There are as many as five bookcases in the Pavel Bazhov House-Museum: three are located in the writer’s study, one stands in the corridor and one in the children’s room. The design of this particular bookcase is quite unusual. Each shelf is equipped with a solid wooden door, instead of a glass one, that opens and closes parallel to the floor — up and down.
The library, presented in the exhibition of the Bazhov Memorial House-Museum, includes over 2000 titles. These are books that Pavel Petrovich himself read, publications of his contemporaries with dedicatory inscriptions, and volumes collected by the writer’s widow in the 1950s and 1960s.
The bookcase mainly houses publications of writers and poets, Bazhov’s contemporaries, as well as scientists.

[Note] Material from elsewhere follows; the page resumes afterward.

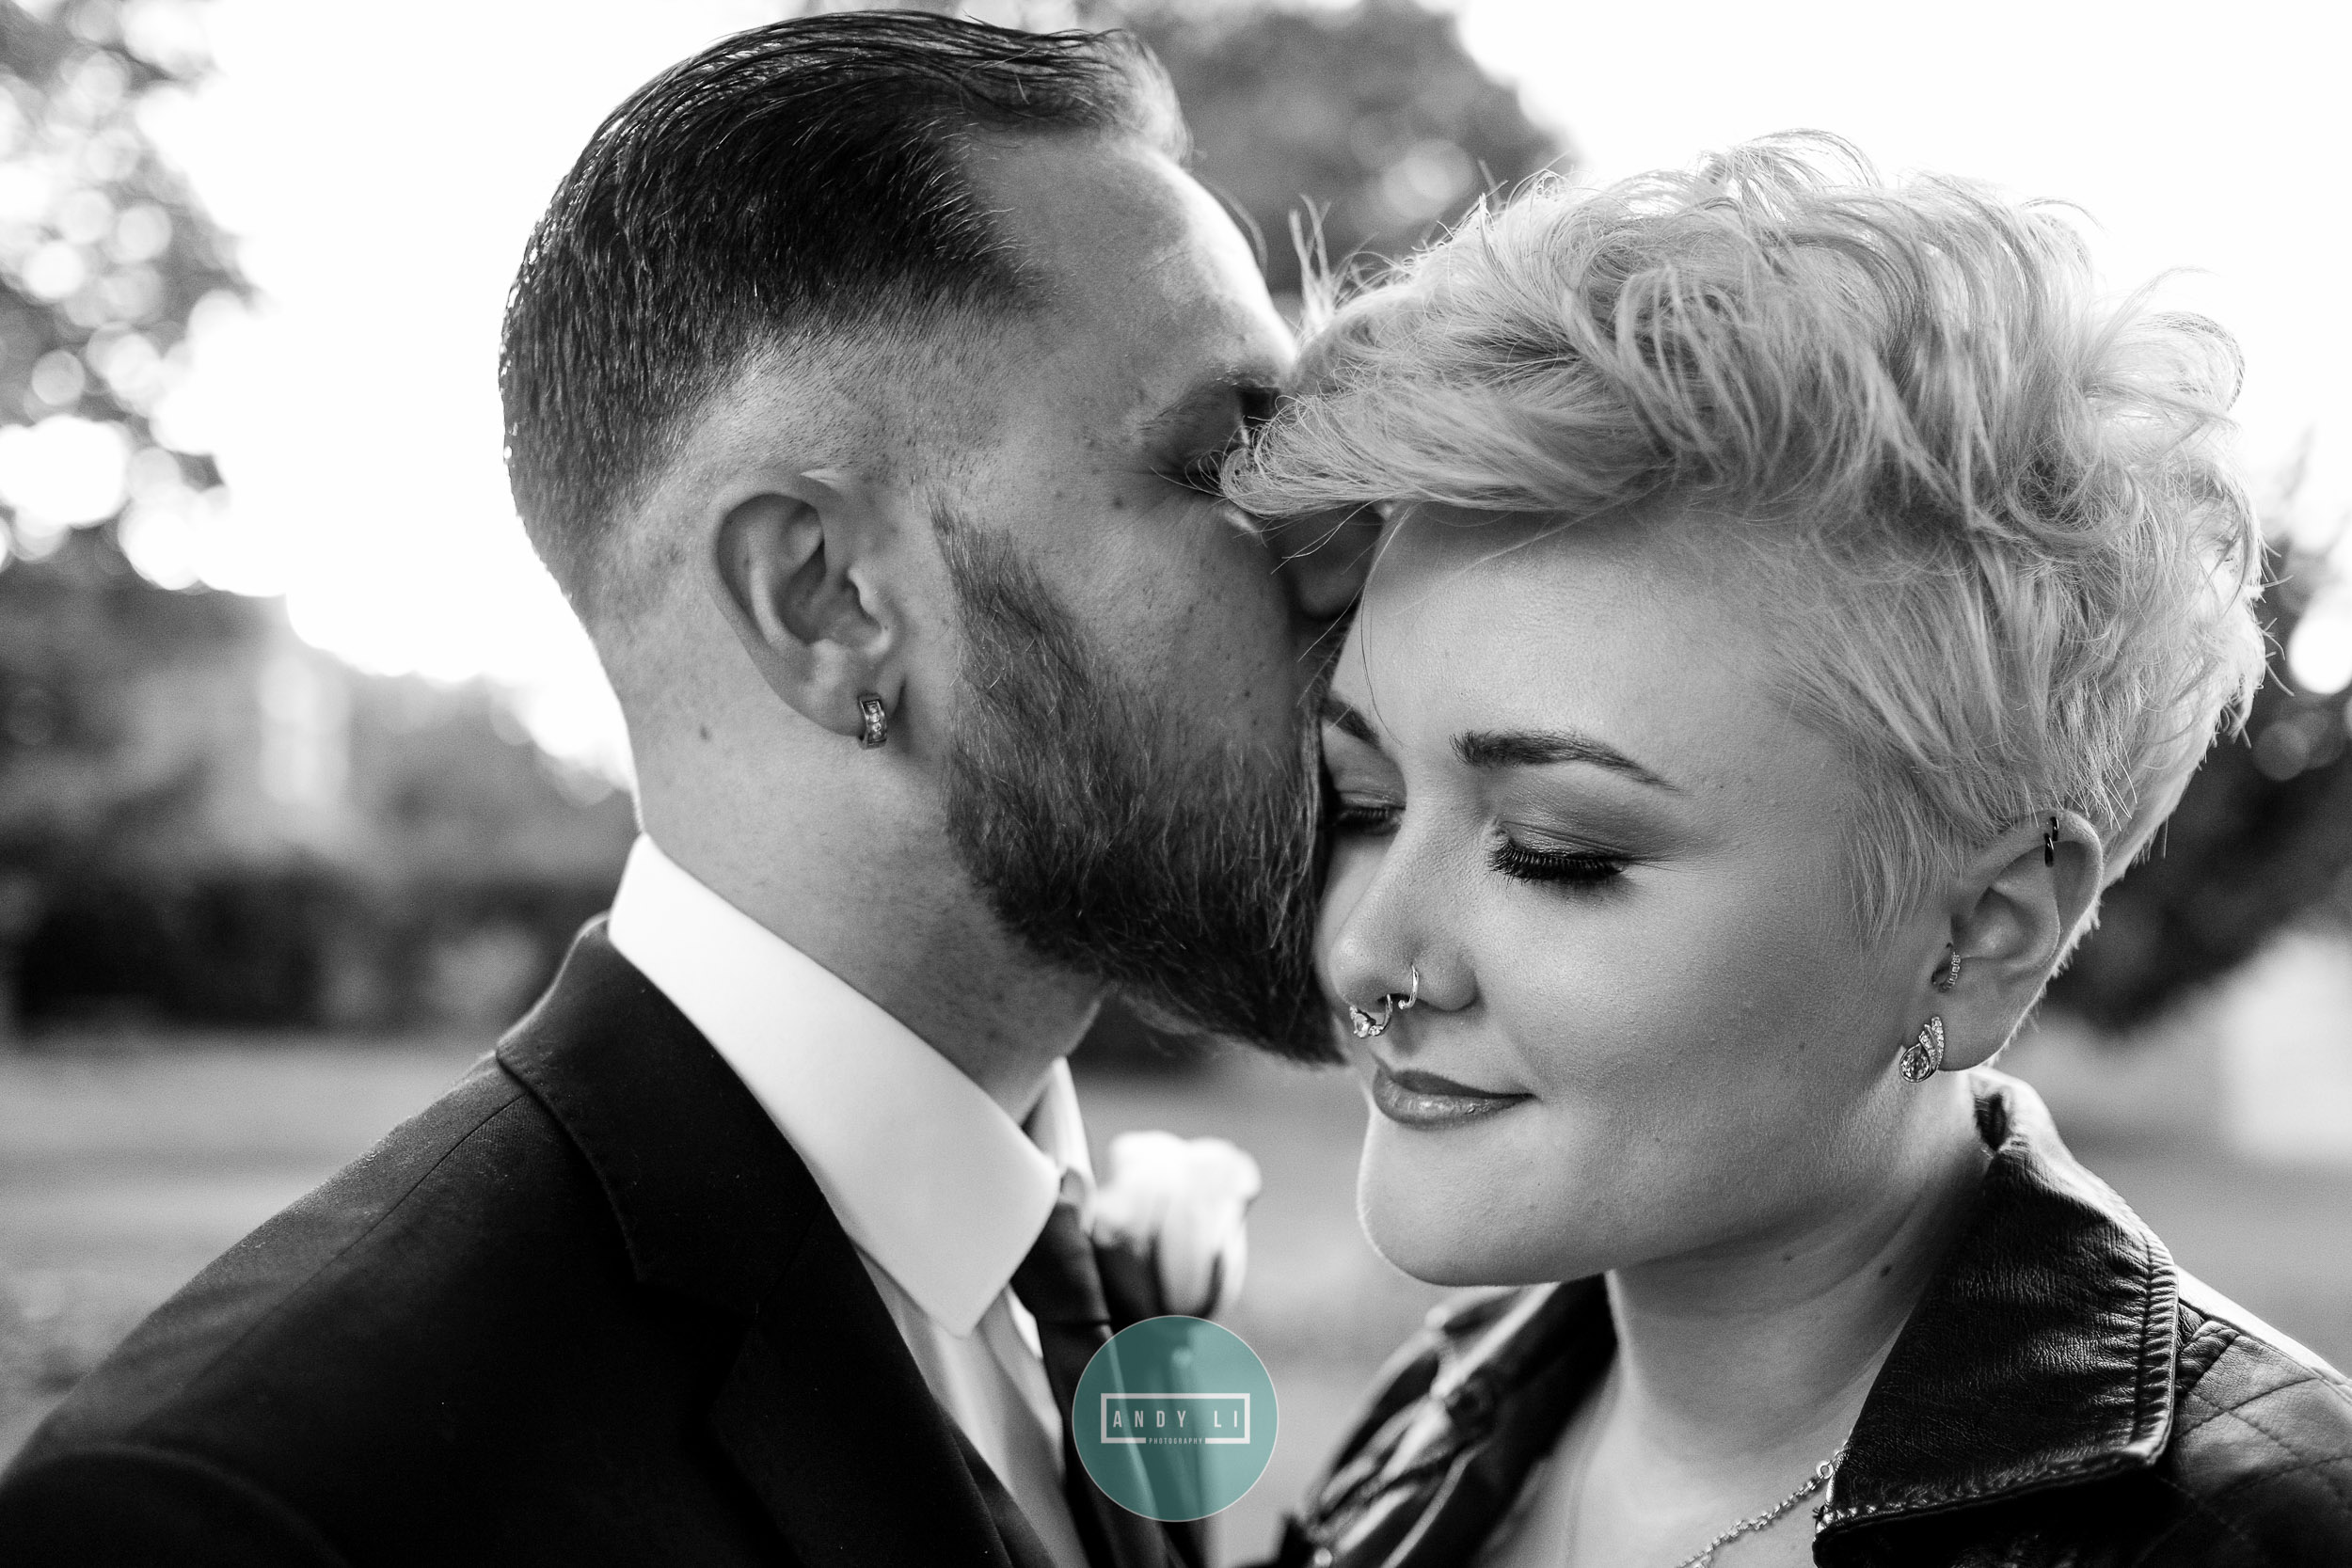 Shropshire Wedding Photographer-001-AXT22844.jpg

Many writers considered it their duty to present the chairman of the Sverdlovsk branch of the Writers’ Union with a copy of their own collection of poems, short stories or novellas. This collection contains books sent by the authors from the Union republics, including Pavlo Tychyna, Oksana Ivanenko, Salavat Miasov, the Armenian poets Gevorg Emin and Silva Kaputikyan, and books in Uzbek by Sodyk Kalandar and others.
In addition to fiction books, there are a number of specialized works from Bazhov’s friends of different professions. For example, it includes works by the historians Viktor Danilevsky, Bernhard Kafenhaus, Leonid Kapterev, and by the literary critics Evgeny Bogolyubov, Mikhail Kitaynik, and Lyudmila Skorino.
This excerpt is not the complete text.